Es en este momento cuando la Virgen que se
llamará de la Almudena es nombrada patrona de Madrid:
dentro de uno de los lienzos de la muralla es encontrada una
imagen de
María, sin que se sepa quién y cuándo la
escondió allí, y que recibe ese nombre por estar en
la zona del Almud o lugar de medida para los cereales de entrada
en la ciudad.
Alfonso VII vivió muchos años en Madrid,
prefiriéndola a Toledo, la capital; así, le hace
donación perpetua de las tierras hasta Segovia: desde
entonces llevamos bebiendo las riquísimas aguas del
Lozoya. Seguramente hoy menos puras que entonces, pero igual de
buenas.
Y Alfonso VIII, en 1202, otorga a la villa el Fuero de
Madrid, por el que tiene derecho a Concejo fijo de fecha y lugar,
con administración de justicia, fijación
de impuestos y nombramientos de cargos. Es el primer paso hacia
la mayoría de edad. Con su nueva importancia Madrid costea
mesnadas en señaladas empresas,
llevando ya delante de ellas el pendón de la villa: un oso
pardo rampante en campo de plata. Es la Villa del Oso, que abunda
en sus bosques. El madroño en que se apoya vendrá
luego, para que hoy sea la Villa del Oso y el
Madroño.
En 1309 Fernando IV reúne Cortes por primera vez,
quizá en el antiguo palacio de Alfonso VII, donde hoy, muy
cerca de la Puerta del Sol, está el monasterio de las
Descalzas.
En 1346 Alfonso XI ordena establecer una Escuela de
Gramática "porque oviese en Madrit omes
letrados e sabidores". Le salió bien. Trescientos
años después se matricula allí un tal Miguel
de Cervantes.
Hay no obstante un extraño bache en la
continuidad ascendente de la historia de Madrid. En 1383,
reinando Juan I, anda por aquí un extraño personaje
que a sí mismo se presenta como León V, rey de
Armenia nada menos, y que dice haber sido desposeído de
cuanto era suyo por el gobernante de Babilonia. En su vagar
posterior no es, dice, sino un vagabundo acogido a la
magnanimidad del rey español.
Y el rey español se compadece, ve en el
infortunado a un colega en malos tiempos, y acude a remediarlo…

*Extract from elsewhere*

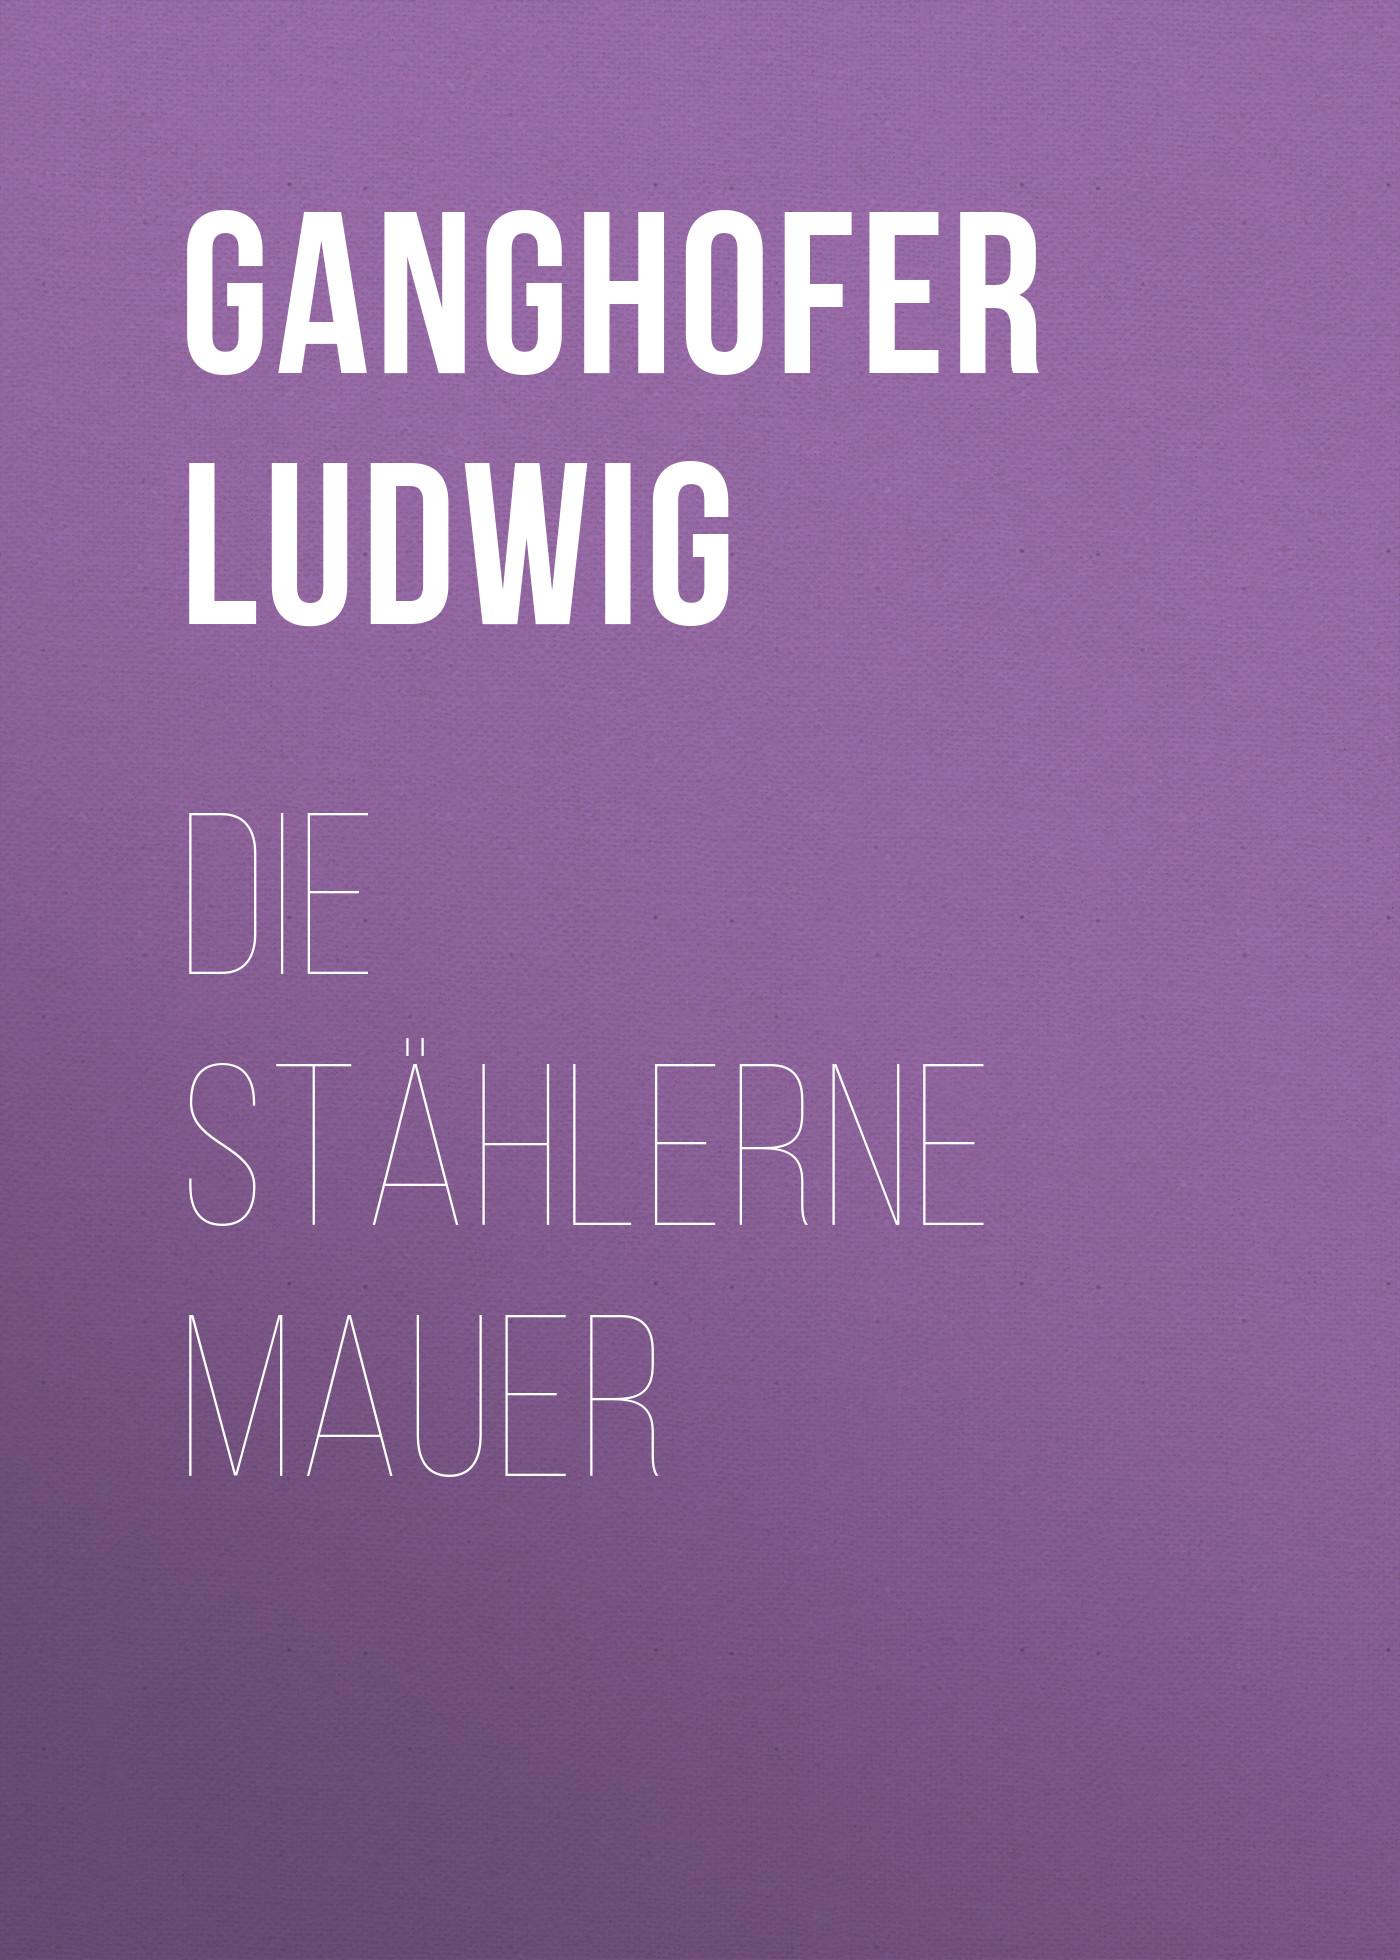 цены Ganghofer Ludwig Die stählerne Mauer

en exceso para el sentir de los madrileños, pues al tal
León le hace obsequio de la villa de Madrid y de la ciudad
de Andújar, a más de una sustanciosa
renta.
Los documentos no nos
aclaran qué pensaron de ello los caballeros, ni el
Concejo, ni los prelados, ni el pueblo, pero nada bueno
sería. El flamante nuevo señor vivió bien
por aquí dos años, confirmó privilegios,
dijo que sí a todo… y se fue a París, suponemos
que a probar otro poco de aventura, de la cual no volvió.
Y Juan reintegró a su corona la muy enfurecida Villa de
Madrid.
Con el hijo de Juan I, Enrique III, Madrid toma contacto
por primera vez con el exterior: el nuevo rey casa con Catalina
de Lancaster, y la inglesita se viene para acá; en su
honor se manda ampliar el alcázar con hermosas torres, y
en El Pardo, cercano y umbroso bosque, el rey crea para ella el
llamado Real Sitio. Que al final, por aquello de lo pesados que
son los viajes, no
disfrutará la joven reina, sino la amante, doña
María, esposa del escritor don Enrique de
Villena.
Juan II, el que había de ser el padre de Isabel
la Católica, tiene miedo de que algún nieto trate
de emular en generosidad a su abuelo, y otorga Real Cédula
por la que prohíbe que en lo sucesivo pueda ser Madrid
separada de la Corona de Castilla. Por si otro León de
Armenia. Y Enrique IV le concede un Corregidor y el derecho a
titularse Muy Noble y Muy Leal.
Revueltas tuvo la Villa cuando hubo de dirimirse la
sucesión al trono: Isabel I, hija de Juan II, o Juana, su
sobrina. Tomó parte por Isabel, y hubo pelea en el
alcázar, donde se hizo fuerte el marqués de
Villena, mientras doña Juana se refugiaba en el convento
de san Francisco. Hubo revueltas y combates por todas las calles.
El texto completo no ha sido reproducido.